2018-03-10

Hamming numbers

Searching for Ada and coroutines I've stumbled on this news thread. They are talking about generators, among the other things. Paul Rubin shows how expressive and concise Haskell can be.

The code he shows computes Hamming numbers in few lines of elegant code (this should be an implementation of Dijkstra's algorithm). Here's the code:

hamming = 1 : m 2 `merge` m 3 `merge` m 5 where
  m k = map (k *) hamming

xxs@(x:xs) `merge` yys@(y:ys) = case x `compare` y of
  LT -> x : (xs `merge` yys)
  EQ -> x : (xs `merge` ys)
  GT -> y : (xxs `merge` ys)

main = print (hamming !! 1499)

Anyway, Paul Rubin states:

I remember doing it in C++ and it was a page or so of ugly code.

I wonder why it should be so. But I'm too lazy to make my own attempt, so I've checked on Rosetta Code, because it's the typical task you can find there.

On the task page Hamming numbers you can see a possible solution in C++ and alternative solutions in Haskell, and other languages. The first Haskell implementation is the “classic version”, the one given by Rubin too, but other algorithms exist and they could be a better fit for other languages.

Disregarding which algorithm is used in the first implementation, C++ isn't so bad; but the C++ solution which is allegedly a translation of one of the given Haskell solutions is, in fact, very much longer and less expressive than Haskell solution. Maybe because of the implementation of the LazyList, something which Haskell has natively.

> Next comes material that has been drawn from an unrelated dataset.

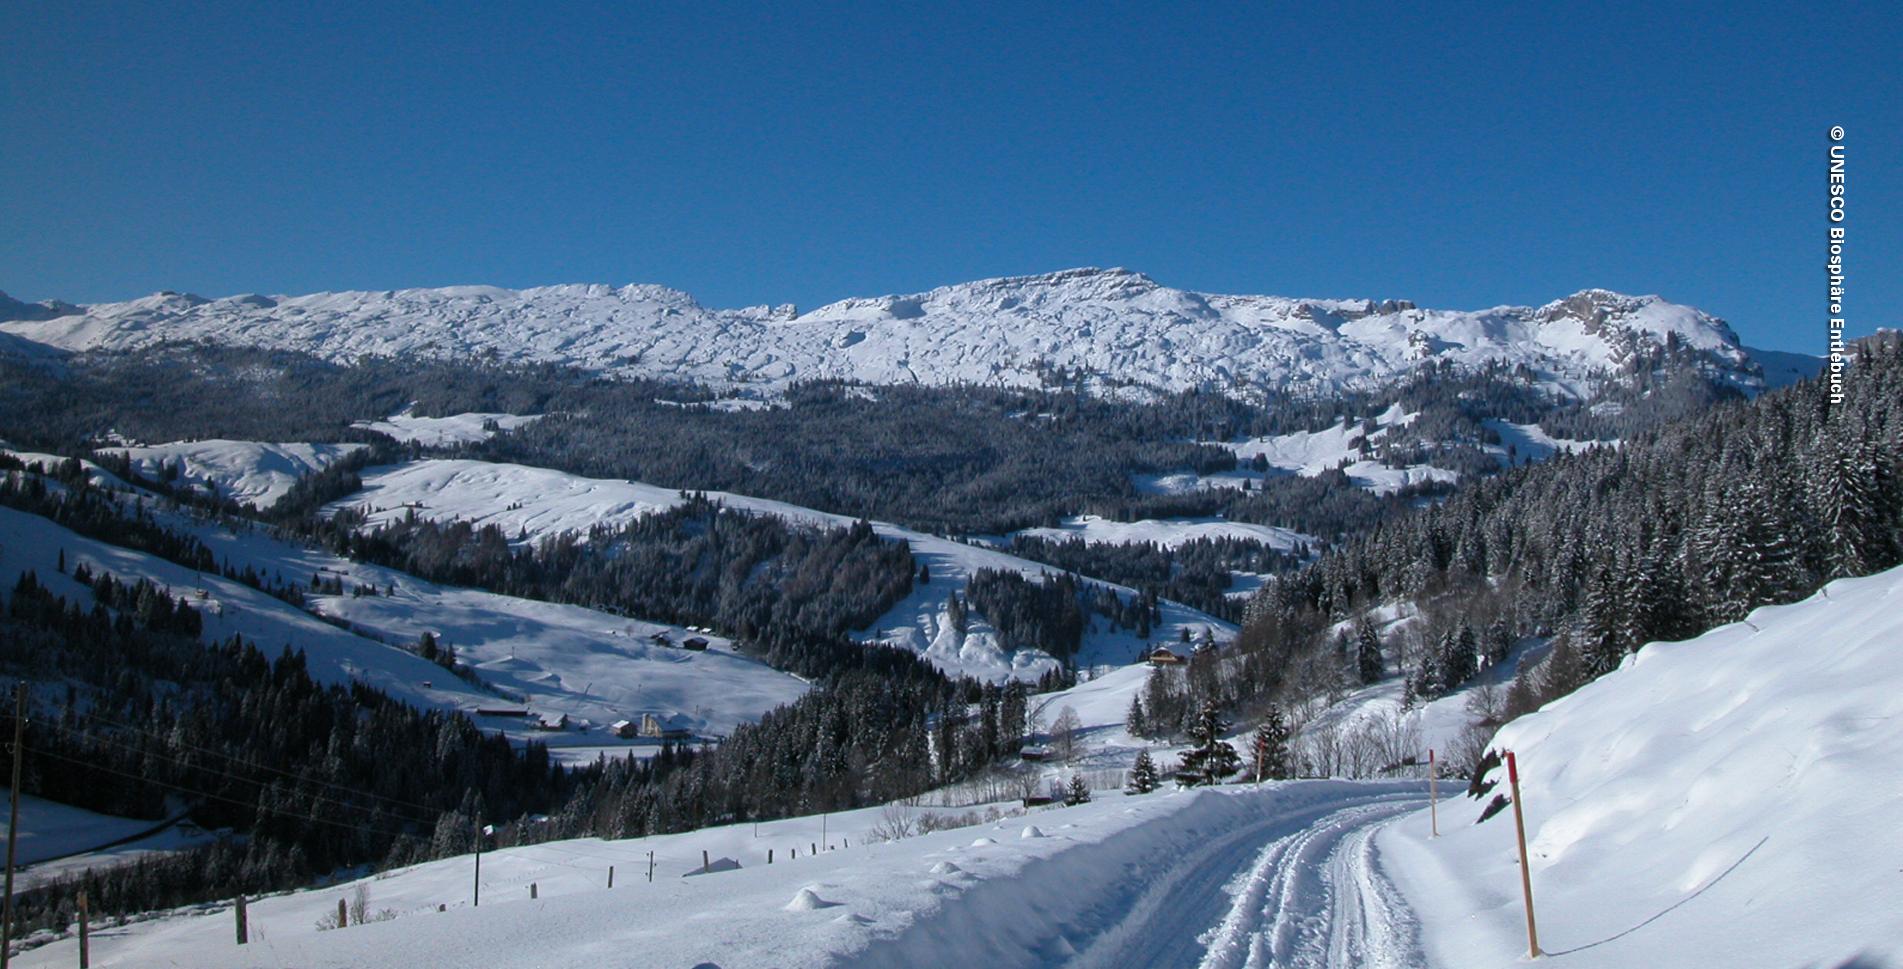 Winterwanderung in Sörenberg auf dem Panorama-Rundweg

There are other languages which have nice and/or not so long implementation, or just more interesting/efficient algorithms; e.g., for reasons I don't always explain:

  • AWK, this procedural language shows that Haskell's “elegance” is show off which fits Dijkstra's algorithm1… The computation of 1691 (and hence 1499) isn't a problem with a different approach, though it is indeed slower (0.031s of real time). The same idea is used also in bc, and it can be used in other procedural languages resulting in concise code.
  • Clojure, which implements Dijkstra's merge solution, to be compared to Haskell.
  • Go section has a “Low Memory Use Enumerating Version Eliminating Duplicates” implementation, which translates Haskell implementing lazy lists as in the C++ case, but it has also a “Fast imperative version avoiding duplicates, reducing memory, and using logarithmic representation” solution.
  • Julia, interesting…
  • Octave as Julia: interesting2.
  • Oz (an underestimated and mostly unknown language).
  • Perl6
  • Racket
  • Ruby, slow but nice.
  • Tcl the slow version uses coroutines…

Ada isn't among those languages that shine for conciseness or expressiveness, that's for sure, and it is also slow (I've interrupted the computation for 1691 — AWK did it…) Likely a better implementation is possible.


  1. It is made clear also in the Wikipedia page: Dijkstra's “algorithm is often used to demonstrate the power of a lazy functional programming language”. Hence, of course non-lazy, non-functional language can't implement this algorithm as well as functional lazy language. (Or just functional: I think the lazy part affects efficiency, not expressiveness.)

  2. I think the same idea can be implemented in Fortran.